Until recently, they've been confined there to digging on dry land. But, as NPR's Anthony Kuhn reports, the country has recently become a powerhouse of nautical archaeology, combing its vast coastline for shipwrecks, riches, and traces of a trade route known as the Maritime Silk Road.

ANTHONY KUHN: About a thousand visitors a day flock to one of China's newest museums here in Guangdong Province. It's right on the beach, facing the South China Sea. The museum houses one of the world's oldest known merchant ships, dating from the Southern Song Dynasty in the 13th century. It's been dubbed the South China Sea Number One.

Museum guide Liu Jinxiu explains that Chinese and British explorers discovered the ship by accident in 1987, while looking for a sunken British vessel.

Ms. LIU JINXIU (Guide, Maritime Silk Road Museum): (Through translator) The explorers used a claw to fish out more than 200 pieces of fine Chinese porcelain. From this, they deduced that the ship was Chinese and not British, and the two sides ended their cooperation.

KUHN: At the time, China lacked the means to salvage this ship. Archaeologist Zhang Wei of the National Museum of China remembers how he went about setting up the field of nautical archaeology for his country.

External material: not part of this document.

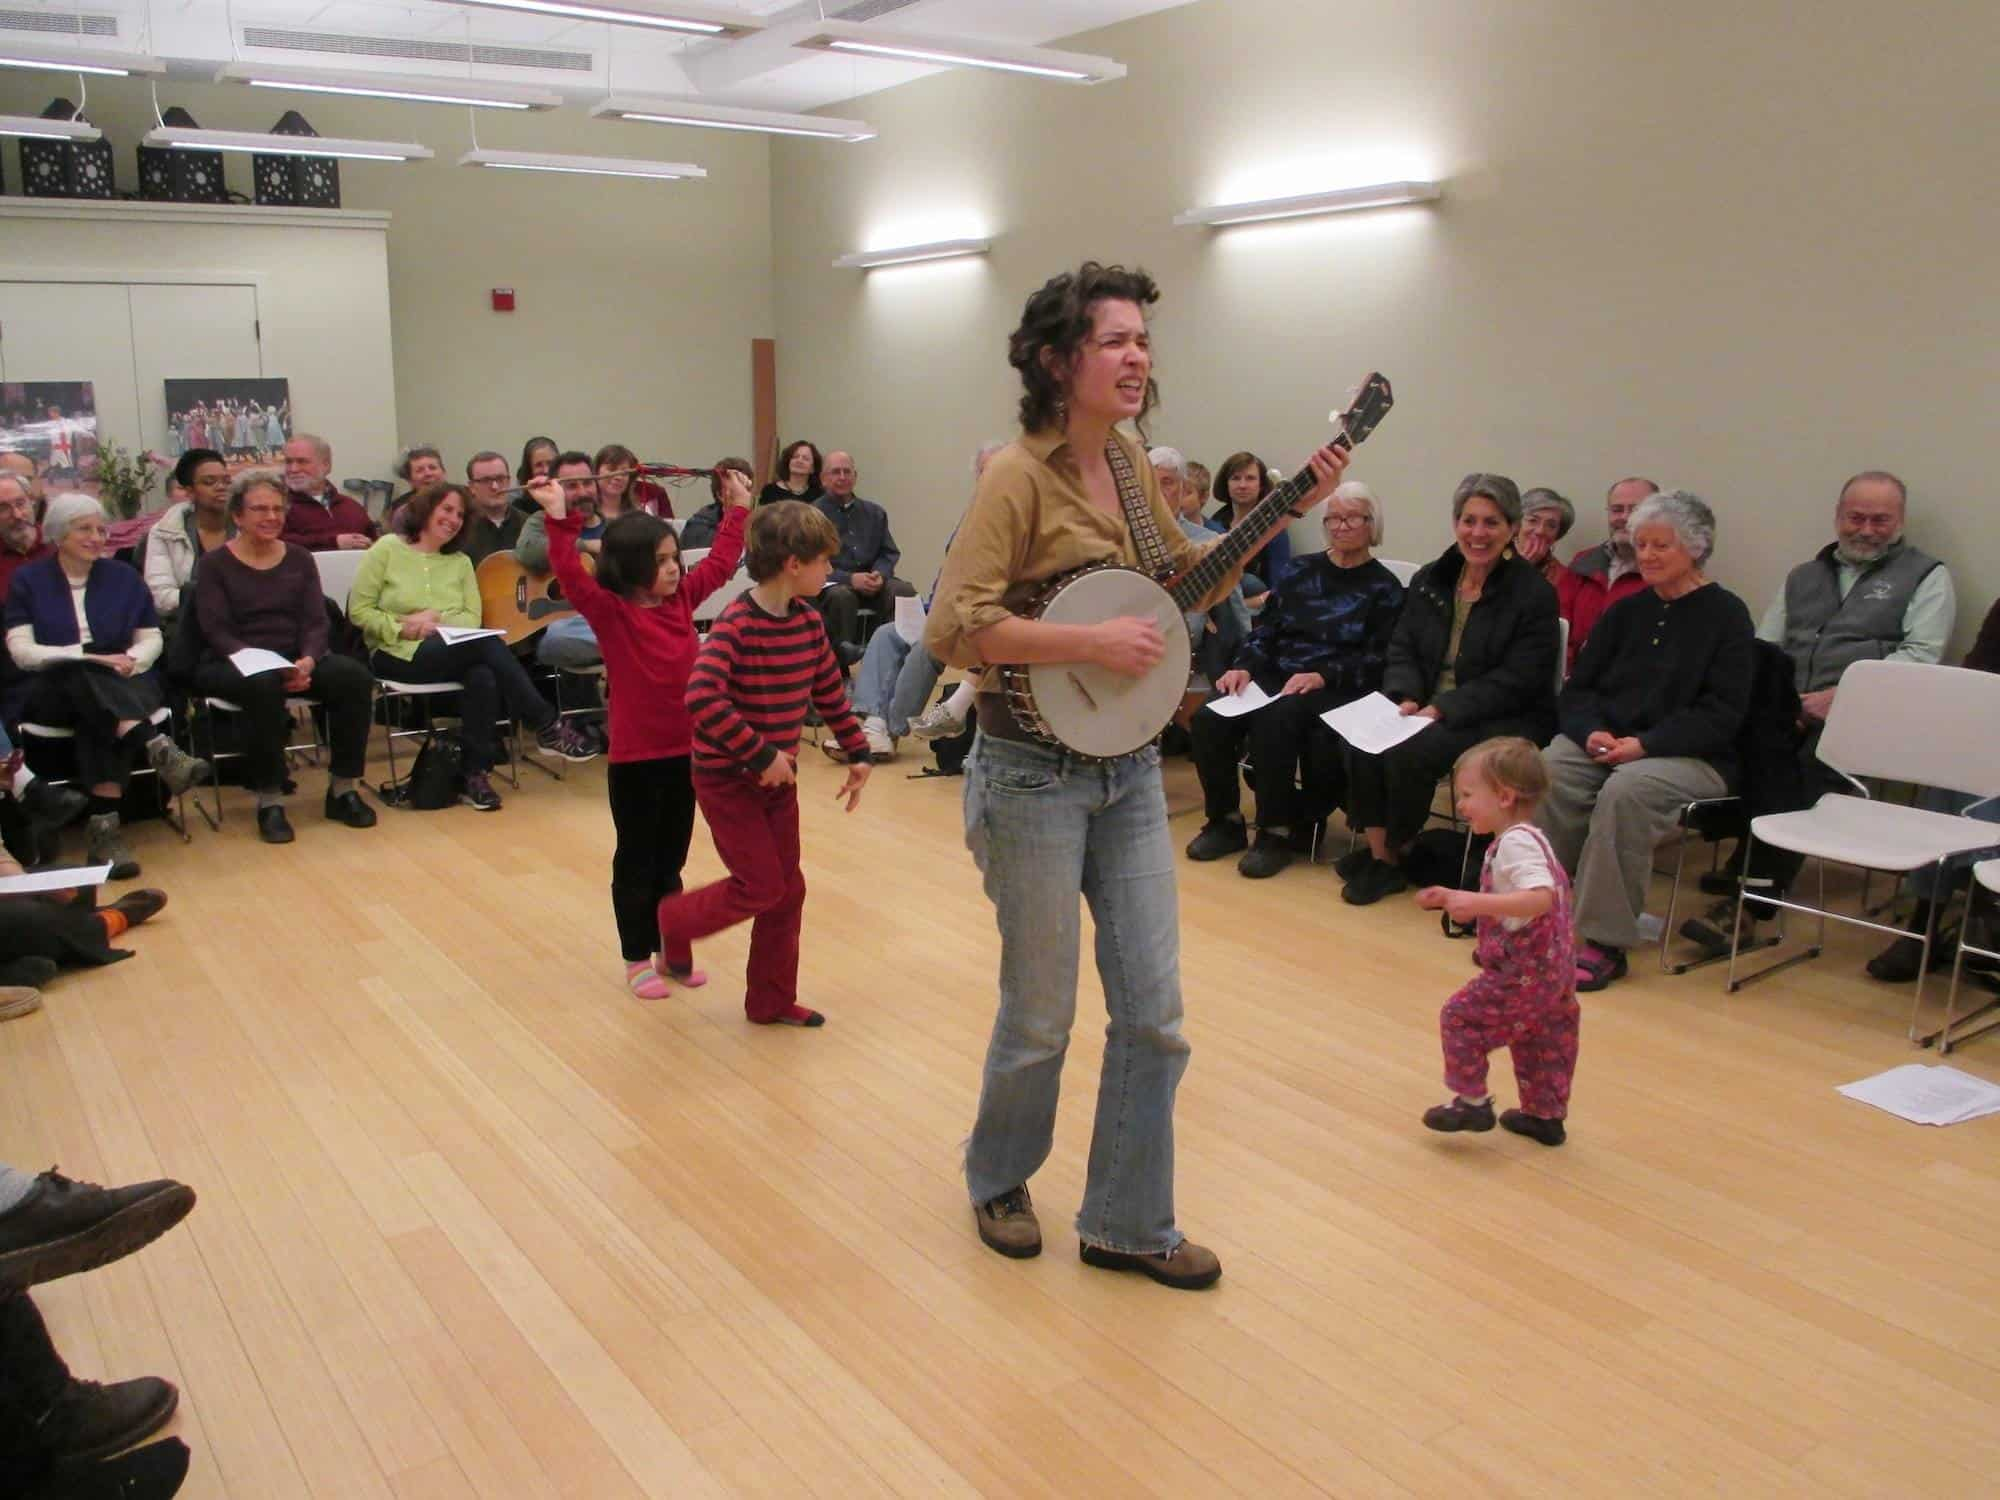 Carpe Diem-Revels Family Community Sing

Mr. ZHANG WEI (Director, Department of Underwater Archaeology, National Museum of Chinese History): (Through translator) I had previously spent five years as a field archaeologist. But I switched careers because China wanted to get into underwater archaeology. At the time, we had no personnel, no equipment and no knowledge. We had to start from scratch.

(Soundbite of a video)

KUHN: A video at the museum illustrates how Zhang's team returned to the site of the South China Sea Number One, two decades after its initial discovery. This time, the team enclosed the ship in a huge steel container and then hoisted it off the ocean floor - silt, seawater and all - weighing more than 3,000 tons. The ship was then rolled ashore and put into the museum.

Zhang Wei says that's not how nautical archaeology is usually done.

Mr. WEI: (Through translator) Shipwrecks are usually supposed to be left in place. But we feared that everyone knew this ship's location. And if we didn't salvage it, it might be looted.

KUHN: Though it's sitting in the museum, the ship remains hidden under the silt and water in its container. Archaeologists are still deciding on just how to excavate it.

Museum curator Ma Haizao says archaeologists want to get as much information as they can from the ship about ancient China's shipbuilding and maritime commerce. When exactly they excavate the boat itself, he says, doesn't matter much.

Mr. MA HAIZAO (Curator, National Museum of Chinese History): (Through translator) We don't have a definite schedule yet. But I am confident that the South China Sea Number One will one day appear before the eyes of the world. There's no question about that.

KUHN: Archaeologists believe the ship sailed down China's southeast coast, stopping at major ports to take on crates of porcelain, gold ornaments, iron cooking woks and other merchandise. It was probably en route to Indonesia when it sank for unknown reasons.

In the 13th century, porcelain was hi-tech stuff and China had a monopoly over it. Guide, Liu, points to one piece of porcelain in a museum display case.

Ms. JINXIU: (Through translator) This wide-mouthed vessel is different from what we use in China. This leads archaeologists to believe that Southeast Asian peoples used these to hold pepper and other spices. Foreign merchants may have come to China and had these vessels made to order for export to Southeast Asia.

KUHN: In other words, China was exporting its wares around the world some eight centuries before Apple started making iPhones here.

Liu Wensuo is an archaeologist at Sun Yat-sen University in the provincial capital, Guangzhou. He says that the South China Sea Number One may yield clues about the Maritime Silk Road, which connected China to India, Africa and Europe as early as 1,400 years ago.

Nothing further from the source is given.